Parabun's positioning is to open typical JS performance bottlenecks via multithreading and GPU. The modules above are the foundation; the next set attack the most common "I have to shell out / use Python / write native code" pain points in JS-land.

Each module ships behind a compile-time feature flag. Production builds slim to only what your app imports — heavy codecs (ffmpeg, Apache Arrow) are opt-in, server / Lambda / Workers builds stay minimal.

Status Module What it does
in flight bun:image JPEG / PNG / WebP / AVIF decode + GPU-accelerated resize. Sharp-class but bundleable.
next bun:gpu kernels 2D convolution, FFT, sort, scan, histogram. Composes into image / audio / video / data work.
next bun:csv + bun:arrow Parallel CSV parse + columnar (Parquet / Arrow IPC) with SIMD column ops. The "5 GB CSV" story.
next bun:parallel v2 Closure-aware persistent worker pool + SharedArrayBuffer channels. Lifts today's pmap ceiling.
planned bun:audio FFT, spectrograms, IIR / FIR filters, resampling. Currently no good options in JS.
planned bun:video ffmpeg-class transcode / thumbnail / concat as a runtime module. No more which ffmpeg.
planned bun:camera Live video capture (V4L2 / AVFoundation / Media Foundation). Makes Parabun a real embedded runtime.

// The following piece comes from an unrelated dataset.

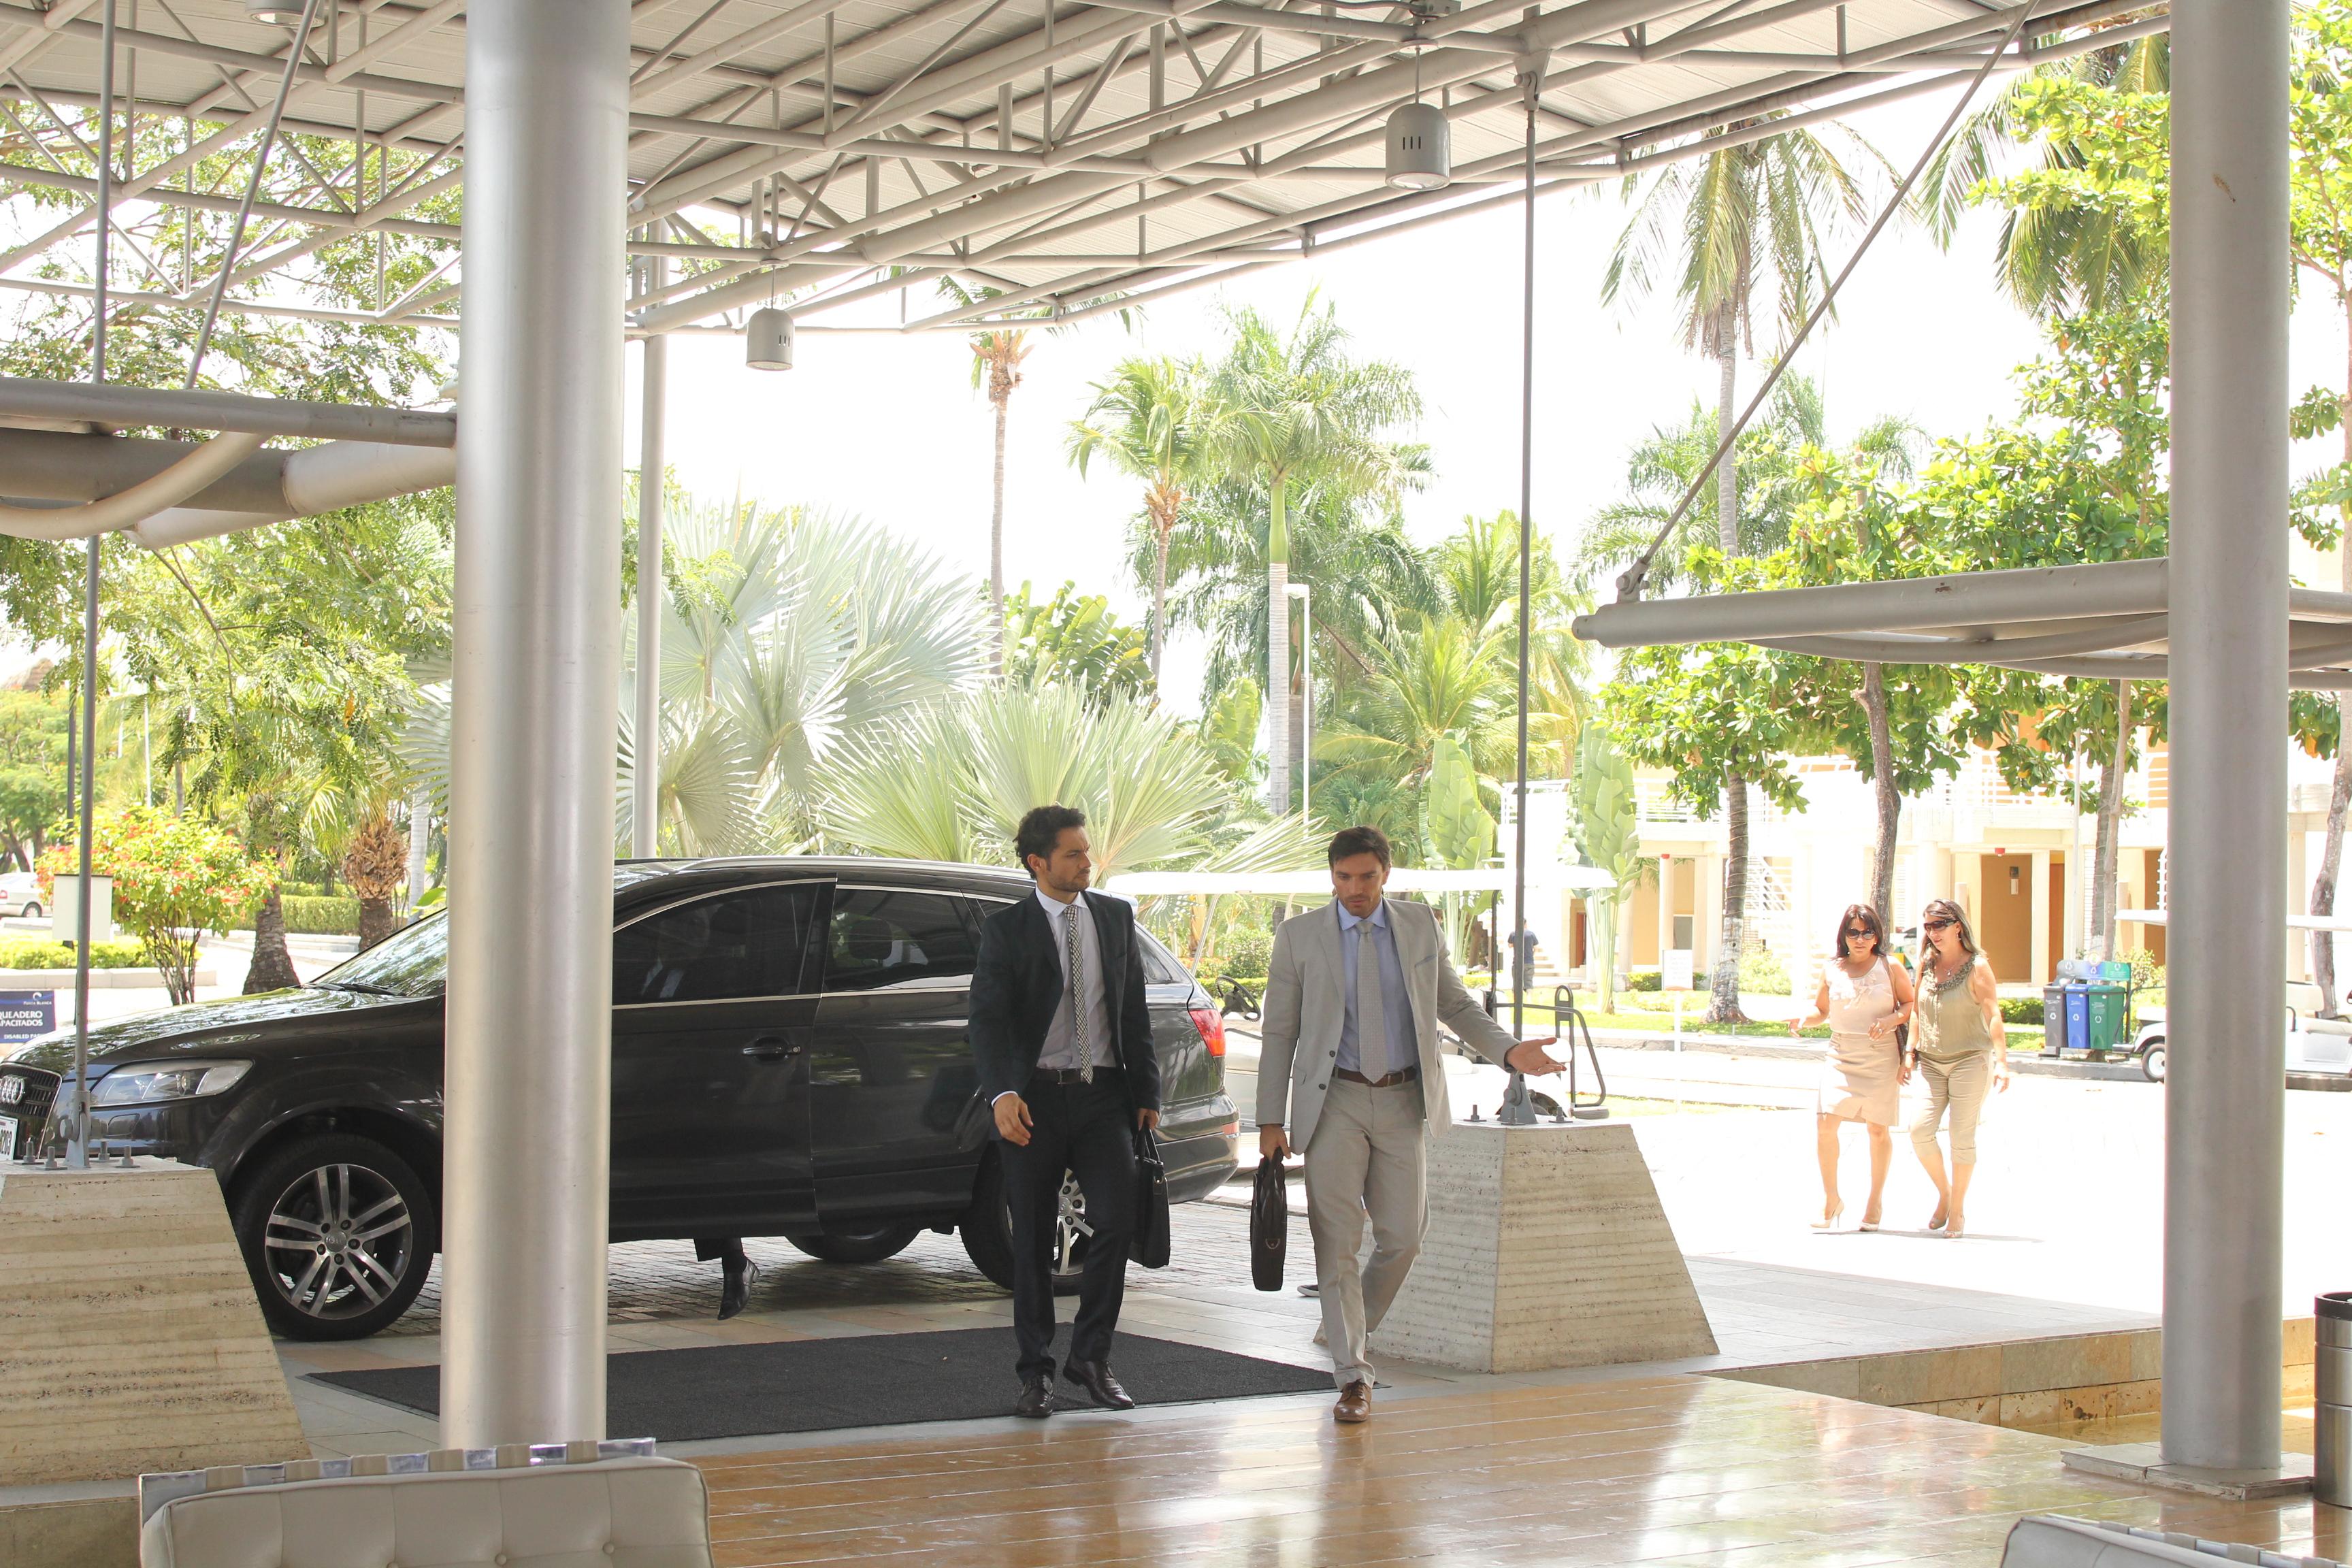 Recepción Hotel Locación intervenida

bun:llm serves as proof-of-concept for the stack — built on bun:gpu + bun:simd + bun:parallel. Parabun is positioned as a perf runtime, not an AI runtime.

Scope. The added modules target typed-array numeric work, embarrassingly-parallel loops, and GPU-friendly matrix shapes. HTTP handlers, JSON parsing, and ordinary application code go through the same paths as upstream Bun — no changes in performance or behavior are expected there.